At present, the Beijing government is forcefully removing much commercial activity from its old neighborhoods in order to “beautify” them. When Qianmen boulevard – a gritty, vibrant commercial hub just south of Tian’anmen Square – was beautified in 2008, much of that street was torn down before being reconstructed in imitation of what Qianmen boulevard is supposed to have looked like during the Qing dynasty – except without the grit, vibrancy, or even people. If Qianmen boulevard is any example of what’s to come, “no more weird buildings” might be a license for the government and real estate developers to construct their own versions of the Chinese past.
In his recent book A Philosophy of Chinese Architecture, David Wang sees much of the confusion about “Chinese style” architecture having originated in the late-19th and early-20th centuries, when China sought to modernize – largely in response to invasions by hostile and technologically advanced foreign powers. During that time intellectuals, including architects, framed architectural modernization in terms of ti, Chinese essence, and yong, technical application. This allowed for the architectural fantasy of improving buildings’ structures while at the same time keeping their Chineseness intact, usually through stereotypical features.
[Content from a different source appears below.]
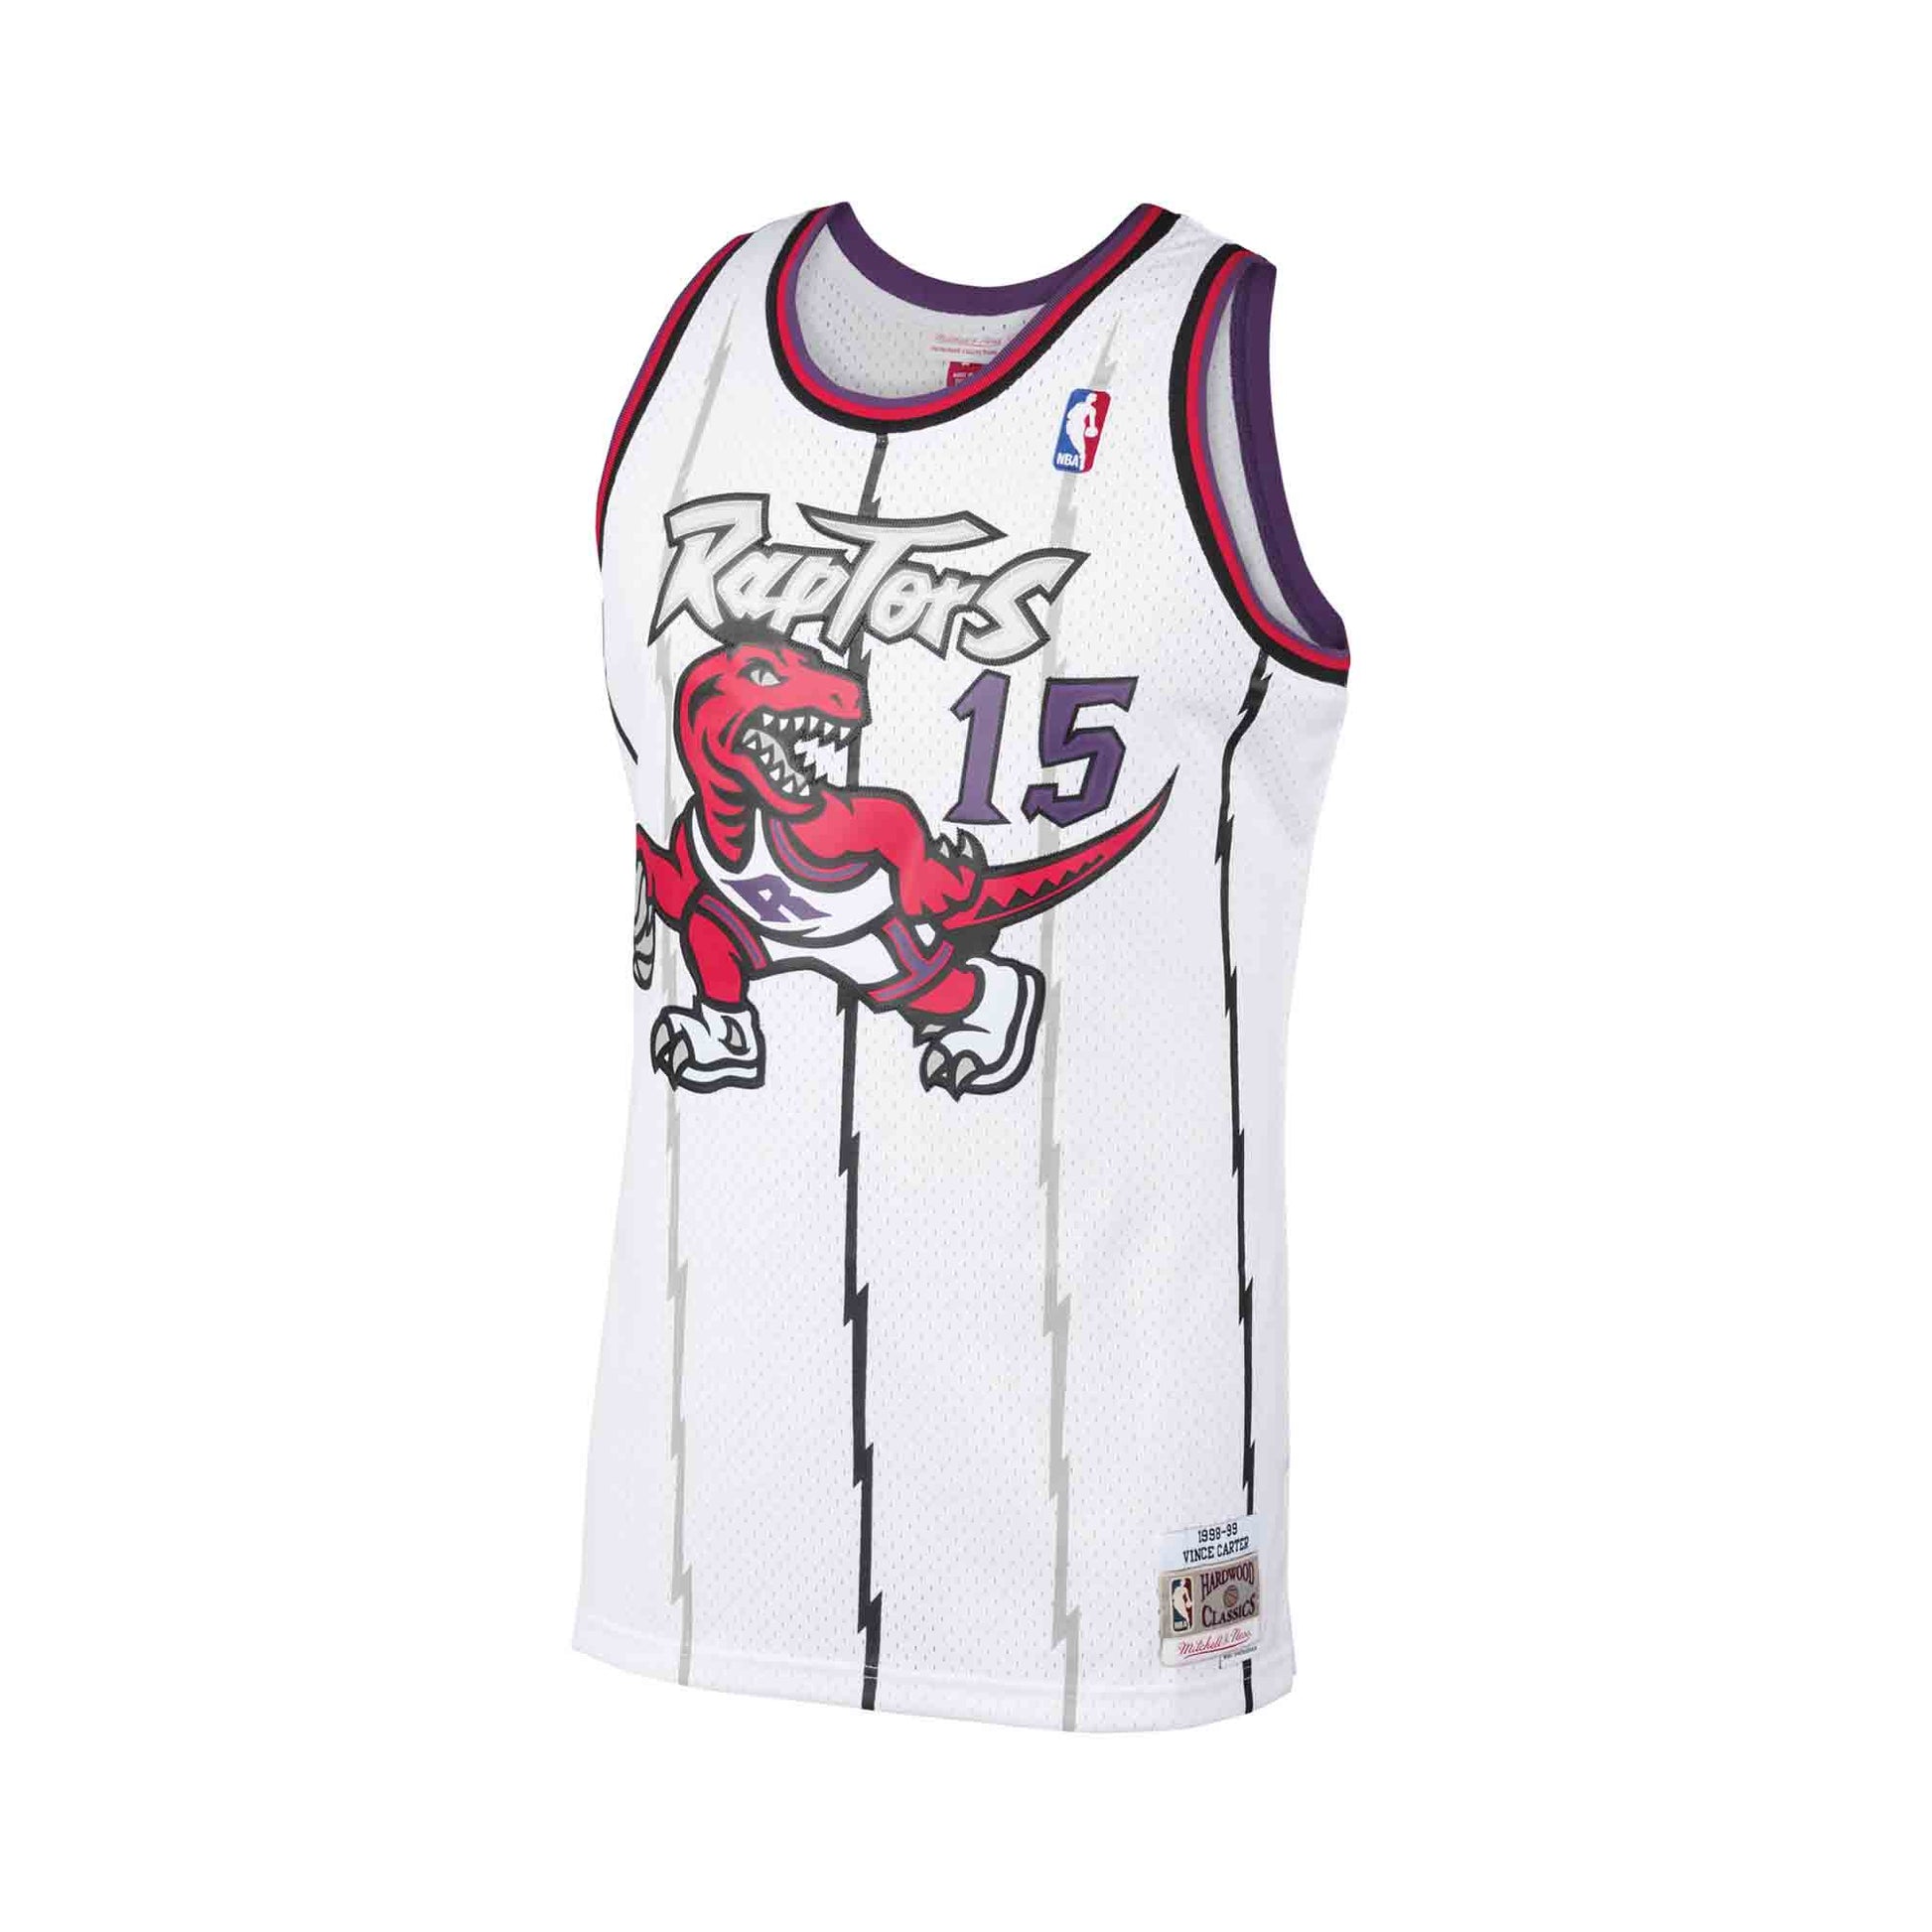 Toronto Raptors #15 Vince Carter Retro Jersey 1998-99

This is still a popular way of thinking about architecture in much of China, and is in part the reason for the destruction of old neighborhoods and their subsequent reconstruction: old neighborhoods often lack sufficient sanitation facilities, so they can be razed and rebuild as modern structures retaining traditional-looking façades. In contrast to Western architectural practice, which Wang argues modernized with much less effort, Chinese architecture developed a near-obsession with technical features of Western modernism that had little to do with the legacy of Chinese architecture. The result was a confusion of essence and application.
According to Wang, traditional architectural practice in China was not overly focused on the appearance of buildings, but instead on their social application. Traditional building methods “formalized Chinese imperial construction as an expression of social hierarchy,” meaning that, taking the Forbidden City as a model, homes and commercial districts would have been built in the same manner, though on a smaller scale. Their layout would mirror the hierarchy of the palace: as one moved from chamber to chamber to garden, from inside to outside, the individual would walk through social rank, “conforming to the Confucian social order.”
Wang’s work stands in contrast to Beijing Danwei: Industrial Heritage in the Contemporary City, edited by Michele Bonino and Filippo Di Pieri. Tracing the development of the socialist housing compound from an organizational tool for work (having been expressly made to distribute hierarchy) to its architectural style, the editors of Beijing Danwei see the danwei as a cross-pollinated effort of traditional Chinese housing models with Western modernism. Bornini and De Pieri and their contributors even go so far as to argue that danwei socialist housing compounds are a better encapsulation of modernism than some of their European counterparts: “Existing danweis appear particularly capable of … serv[ing] as a matrix for the construction of a new type of contemporary city.” They depart from the old to forge something much more modern and “Chinese” than a re-imagined architectural past. The blocky danwei compounds may not look particularly Chinese, but they expressed the new social hierarchies of socialist China.
Of course, even in today’s “socialist” China few people want to live in danwei compounds — often in a state of disrepair, they seem overly utilitarian and outdated. Siheyuan courtyards are more appealing, but only when outfitted with modern facilities and removed of their current residents. The question of how to reconsider which – if any – hierarchy architecture should express is central to rethinking how Chineseness is architecturally conceived. Bonino and DiPieri suggest that danwei could be renovated into culture-and-arts districts, much like the successful 798 arts zone in Beijing, allowing socialist housing projects to adapt to the demands of international capitalism through rezoning and renovation.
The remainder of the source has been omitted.